The US Tech 100 index is a popular choice for spread betting and contracts for difference. It is basically the NASDAQ market, and if you know about the arrangement of the US markets, you will know that the NASDAQ is a hi-tech market, with the famous “Silicon Valley” type companies that specialise in electronics, computing, aerospace, etc.
The NASDAQ market was started in 1971, and was the first electronic “stock exchange” – there never was a physical exchange building. The US Tech 100 or NASDAQ 100 index came along in 1982, when as is common with indices it was set to a notional starting value from which it has progressed.
Unlike a conventional stock exchange, where a listed company will usually have a specialist assigned to control the trading, because of the way it works there is no one person assigned to “make the market” in the stocks. Instead, there are several market makers who each handle several offerings. For the spread trader this will not normally make a difference to the pricing, as you are not dealing with the market makers but with the spread betting company, who is “making the market” in spread betting for you.
The US Tech 100 is an index that is price weighted. Being a US based index, it will be affected by the general news flow for North America, including unemployment, non-farm payroll, and interest rate announcements. The President’s speeches should also be followed for any changes to taxes or incentives, particularly in the field of energy efficiency and alternative energy which are hot topics at the moment.

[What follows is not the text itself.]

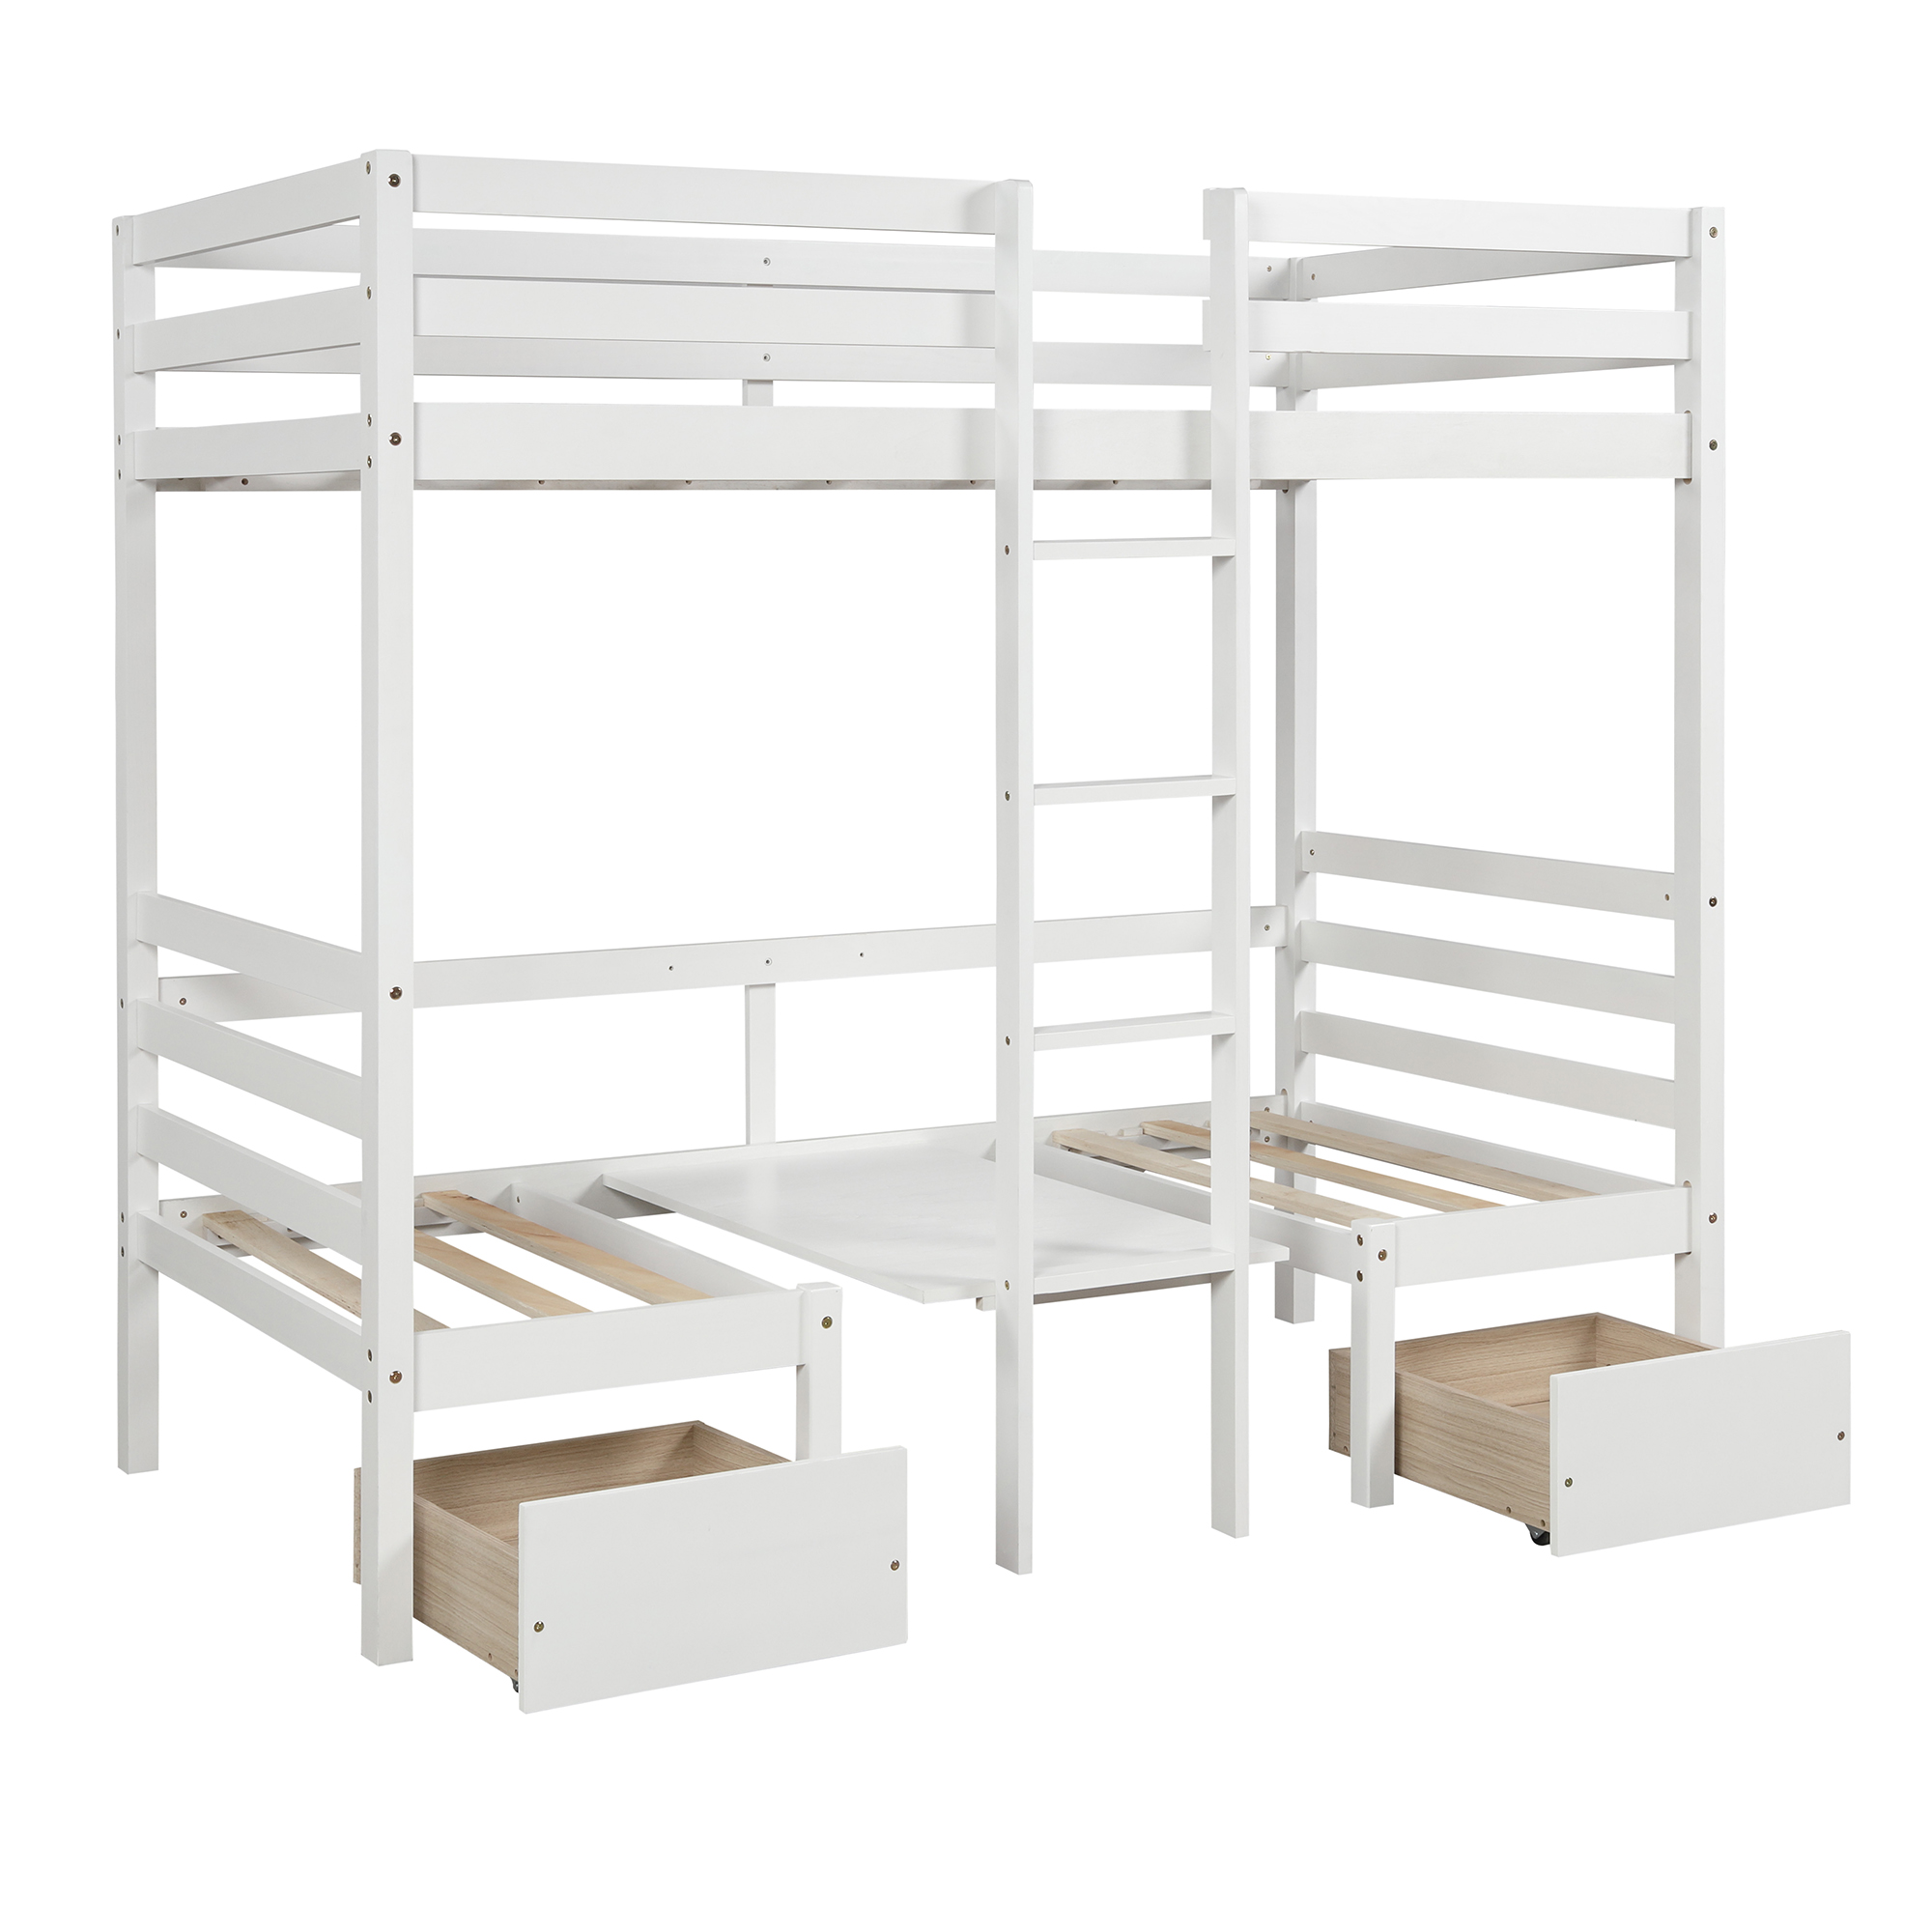 Functional Loft Bed (Turn Into Upper Bed And Down Desk, with Cushion Sets), Twin Size

As a hi-tech index, you can be on the lookout for technological improvements and offerings to see what might give it a boost. Typically a new type of product will lift the index in general, and individual products such as the latest Apple I-phone will have an effect. There is often a bump around Christmas time because of all the gadgets being bought for gifts.
Some people will try to tell you that the US Tech 100 index is a mild mannered index, and not too volatile. That may apply at times, but is not guaranteed. For instance, at the start of the century there was a terrible bubble in hi-tech, and the index took a hammering. And just recently with the economic meltdown, the index has not been quiet. In the last three years it has ranged from just over 1000 to nearly 2500.
This can be good news for the spread better who is prepared to put some effort into betting. Volatility is synonymous with profit opportunities even while it is something to watch out for in terms of risk. The general guidelines still apply – that you should have a trading plan or strategy worked out and preferably back tested in advance to make sure that the technical indicators that you have chosen will work well with the index. The plan must include firm guidelines on where to exit a losing bet so that you are not tempted to “wait and see” if it reverses, and possibly suffer a large loss.
US Tech 100 Spreads: NASDAQ Index Spread Betting
It can be exciting to spread bet on the US Tech 100, as it seems most days there are more announcements of developments in technology which inevitably become reflected in the index. If you want to stay in touch with the market, you must commit time to reading all about these.
The current rolling daily quote for the US Tech 100 index is 2335.1 – 2336.1. You decide that the index should be going up, and place a long bet at 2336.1 for a total of £6 per point.
When the index goes up, you decide to take your profit when it reaches a quote of 2387.3 – 2388.3, and you close your bet at a price of 2387.3.
You want to figure out how much you have won. It is quite easy to calculate.
You bet £6 per point, which is what you get for each point that the index went in your direction.
Your bet closed at a price of 2387.3, and the starting price was 2336.1.
Therefore the number of points that it moved was 2387.3-2336.1, which is 51.2 points.
Multiplying that times your stake, you get total winnings of £307.20.
One of the dangers with trading is that the market will often go in the opposite direction to the way you want it to go. Say in this case the index actually fell in value, you might decide to cut your losses and close your bet anyway, and you do this when the price quoted is 2321.2 – 2322.2. Your bet closes at a price of 2321.2, and you work out how much you lost.
Your stake remains the same, at £6 per point, and this is what you lose for each point that the index went against you.
Your bet closed at a price of 2321.2, and started at 2336.1, which means you lost 14.9 points.
Taking your stake into account, your total loss is £89.40.
Your spread betting company may also quote for future based spread bets. In this case, the quotation is 2325.1 – 2329.1. You can see that the spread is larger, at four points, and that is a reflection of the fact that you do not roll it over every day, incurring interest charges.
Suppose you feel that the US Tech 100 is going down in the next few weeks, you might place a “sell” bet at 2325.1 for £12 per point.
If the quote for the spread bets falls to 2286.3 – 2290.3, you could close the bet for a profit. You do not have to wait until the future date. Closing the bet at 2290.3, the total number of points that you would have gained (remembering that you bet on the index going down) would be 2325.1-2290.3, which is 34.8. At a stake of £12 per point, this means that you won £417.60.
Of course, the index might have gone against you. When it reached 2336.5 – 2340.5, you decided to close your short bet and suffer a small loss.
The number of points you lost is 2340.5-2325.1, which is 15.4. For the same stake this works out to a total loss of £184.80.